Based on these two observations, we can design a multiplication circuit that needs no more than three $n$-bit registers in total for the partial sum, multiplier and multiplicand. During the multiplication process, the accumulator and multiplier register pair is shifted one bit to the right on every step, while no shifting is performed on the multiplicand register. The bit being shifted out of the accumulator register on each step is fed to the leftmost bit of the multiplier register to be shifted in for storage. If the rightmost bit of the multiplier register is a ‘1’, the contents of the multiplicand and the accumulator registers are added (or subtracted if this happens to be the MSB of the multiplier), and the results are written back to the accumulator register. Figure 1 below illustrates this optimized data flow in the accumulator/multiplier register pair:
Figure 1
Accumulator Cannibalization of Multiplier Register
In the process of cannibalization of the multiplier, one can see that a $(2n-1)$-bit partial sum storage has inherited an extra bit from the cannibalized multiplier, thus growing into a $2n$ bit accumulator. This is just as well, since true n-bit two’s complement numbers actually lie in the range of $[-2^{(n-1)}, 2^{(n-1)})$ whose product will produce results in the range $(-2^{(2n-2)}, 2^{(2n-2)}]$. (Note that the square bracket ‘]’ indicates a hard boundary, including the right element, whereas the parenthesis ‘(‘ indicates a soft boundary that encompasses numbers greater than, but not equal to, the left value).

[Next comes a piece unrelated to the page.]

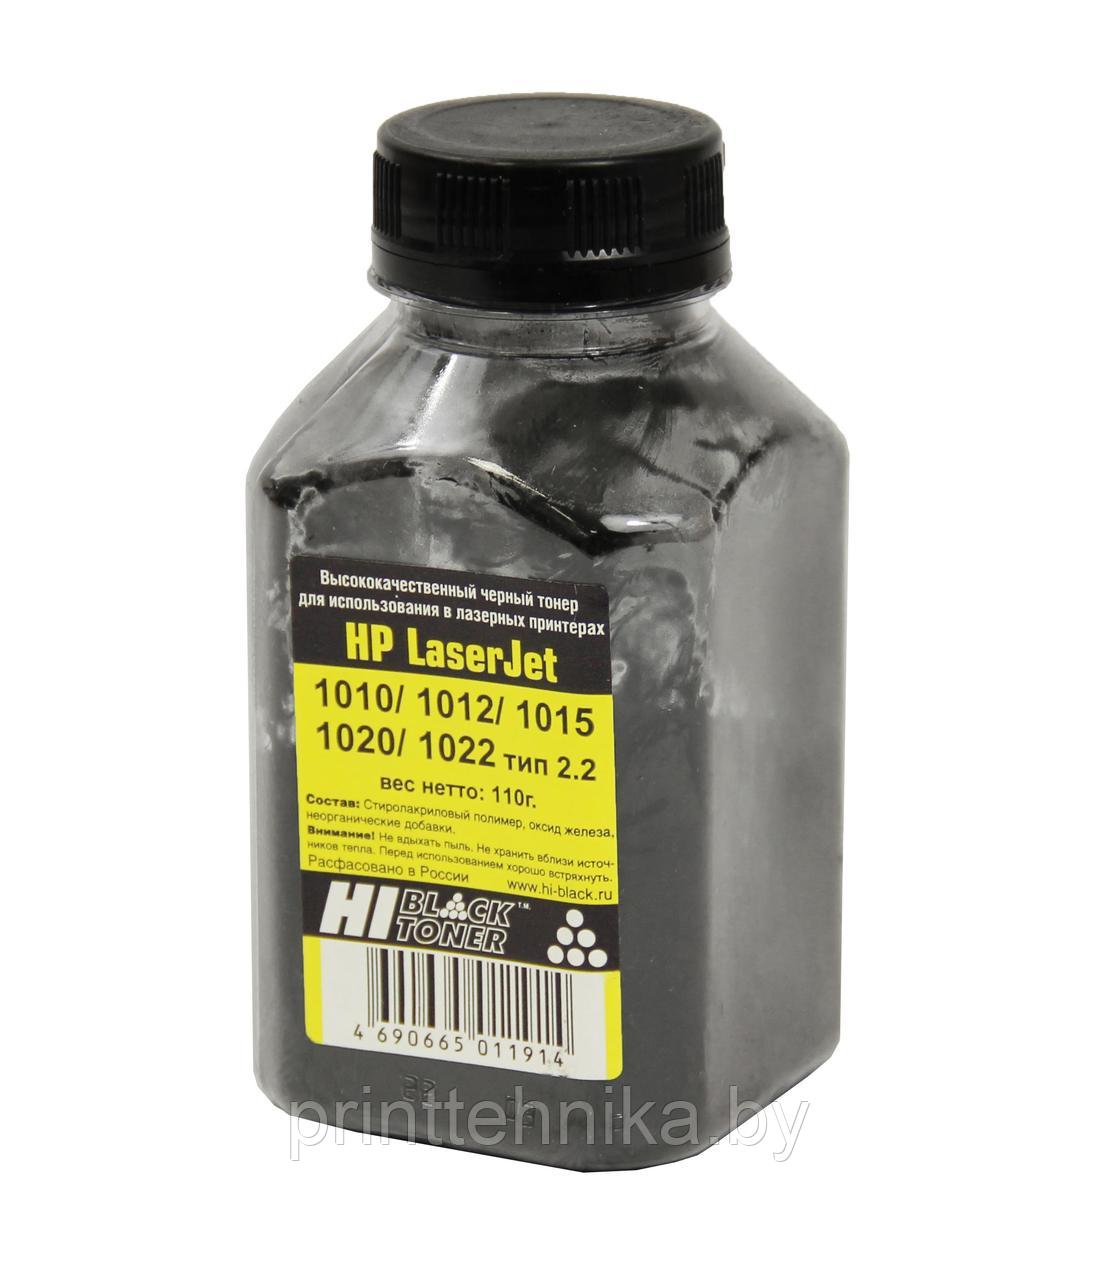 Тонер Hi-Black для HP LJ 1010/1012/1015/1020/1022, Тип 2.2, Bk, 110 г, банка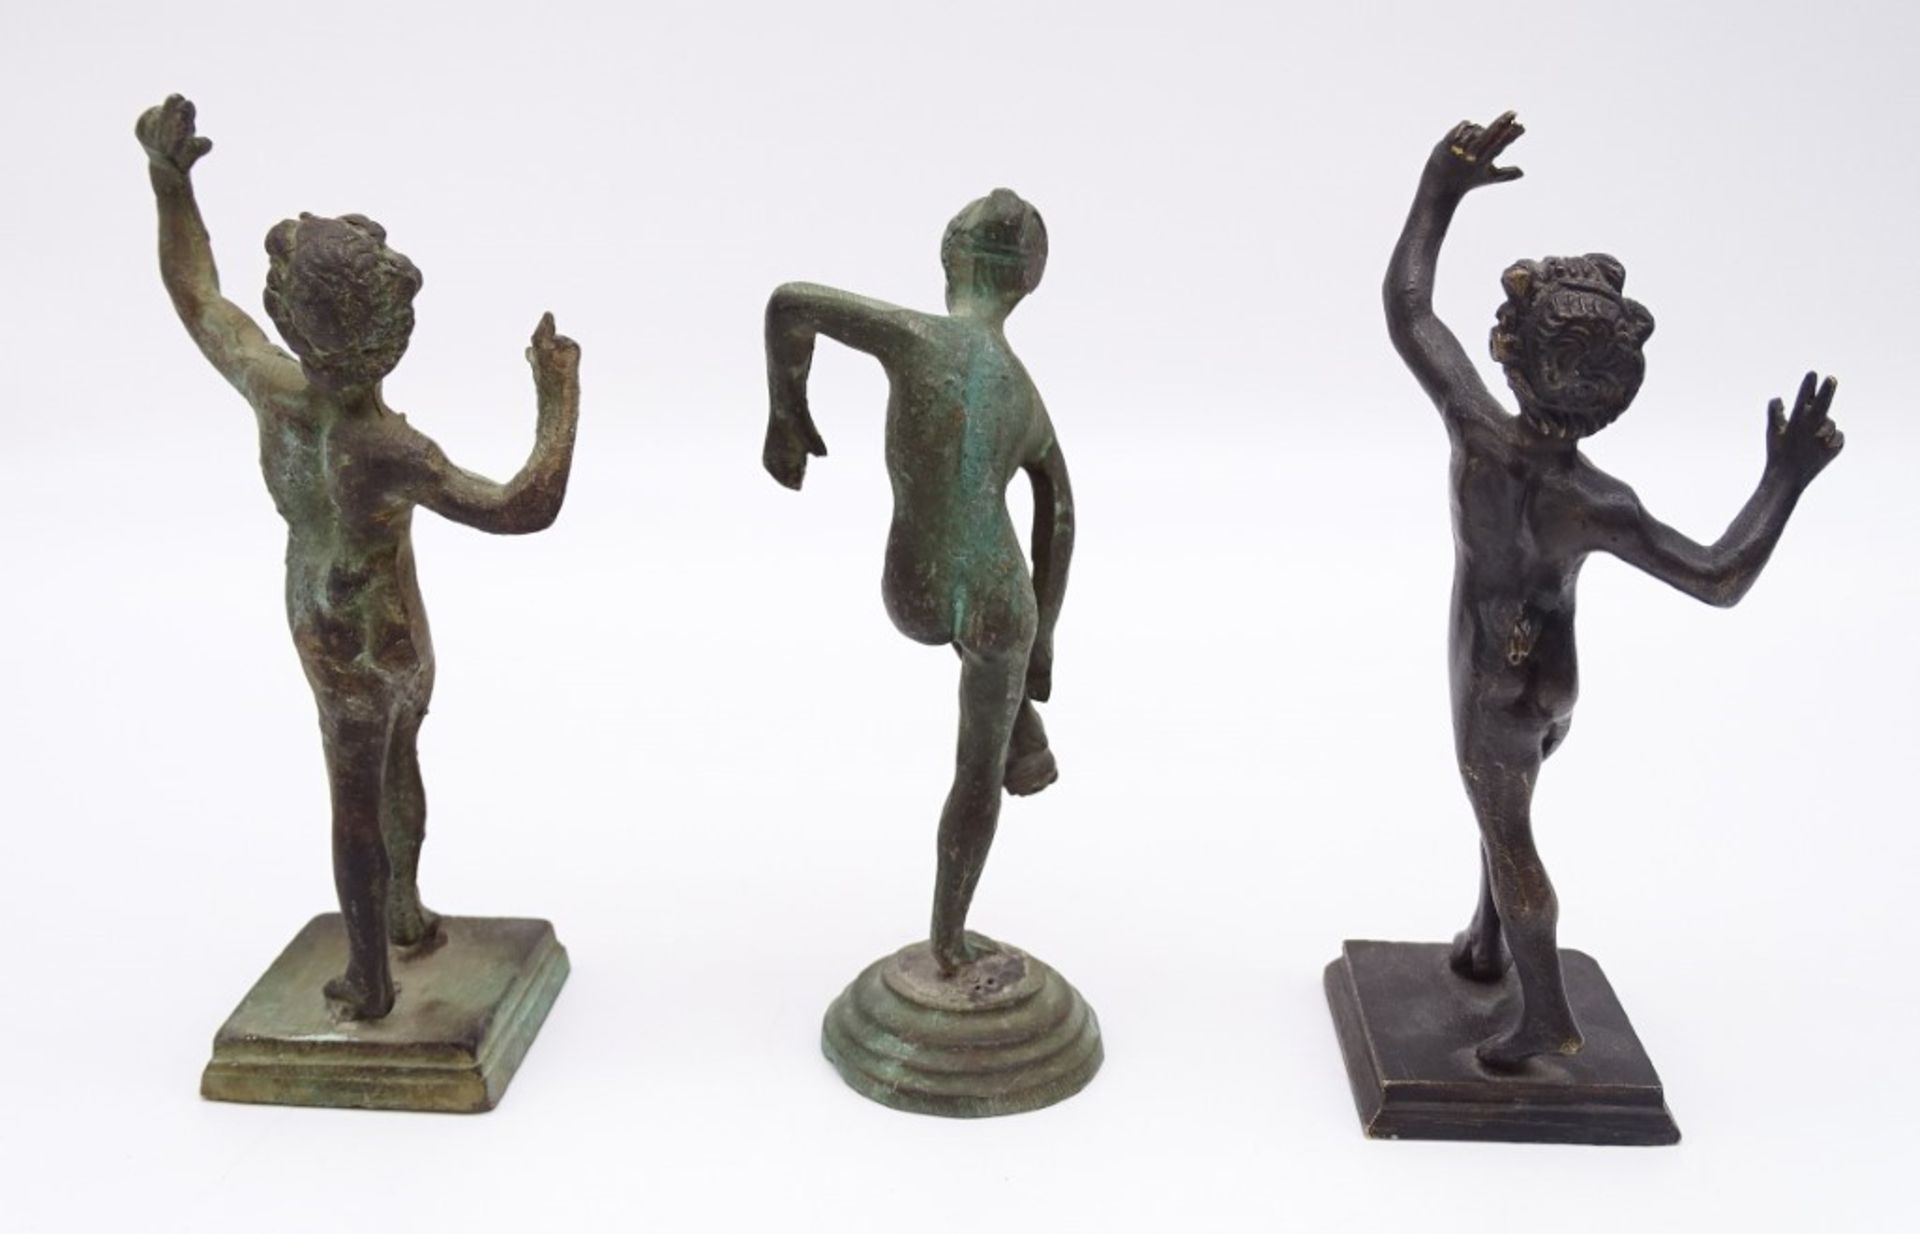 2 x Kopien des Tanzenden Fauns, Casa del Fauno, Pompeij, 1 x Kopie der Venus im Bad, Slg. Barsanti, - Bild 5 aus 8

This necessitates a truly $2n$-bit representation to account for the somewhat exceptional case of $2^{(2n-2)}$ as the square of the largest representable negative number.
Of course, you realize that the corner-cutting of NumeriCorp has made this issue moot, but you keep it in the back of your mind in the hopes of enabling you to contribute to your company, by setting them on the path of the true and righteous (and earning for yourself, of course, that long coveted promotion in these lean times). There is one more implementation detail that merits consideration. As each step consists of the partial sum being added to the multiplicand (after appropriate alignment, of course) one needs to address the question of the bit width of the needed adder component. It is easy to observe that the first addition to the partial result for the LSB will produce an $n$-bit sum, while the final partial sum (and product of the multiplication) which we just discussed can be $2n-1$ bits long. While the latter part of this discussion seems to argue in favor of $2n-1$ bit adders, one can notice that at any point the addition will only involve $n$-bit inputs, as any bits of the partial sum to the right of the actual summation will remain constant and unaffected by the operation. While the inputs to the two’s complement addition that underpins the multiplication algorithm can thus be reduced to $n$-bit numbers, we do know that $n$-bit addition (for same sign inputs) is prone to overflow when the output is $n+1$-bits. To preclude this overflow possibility, we will start you off in this exercise with an $n+1$ bit adder. At the inputs of the adder, we will need to replicate the most significant $n$th bit and connect to the $(n+1)$th bit position, effectively performing a sign extension at the input space.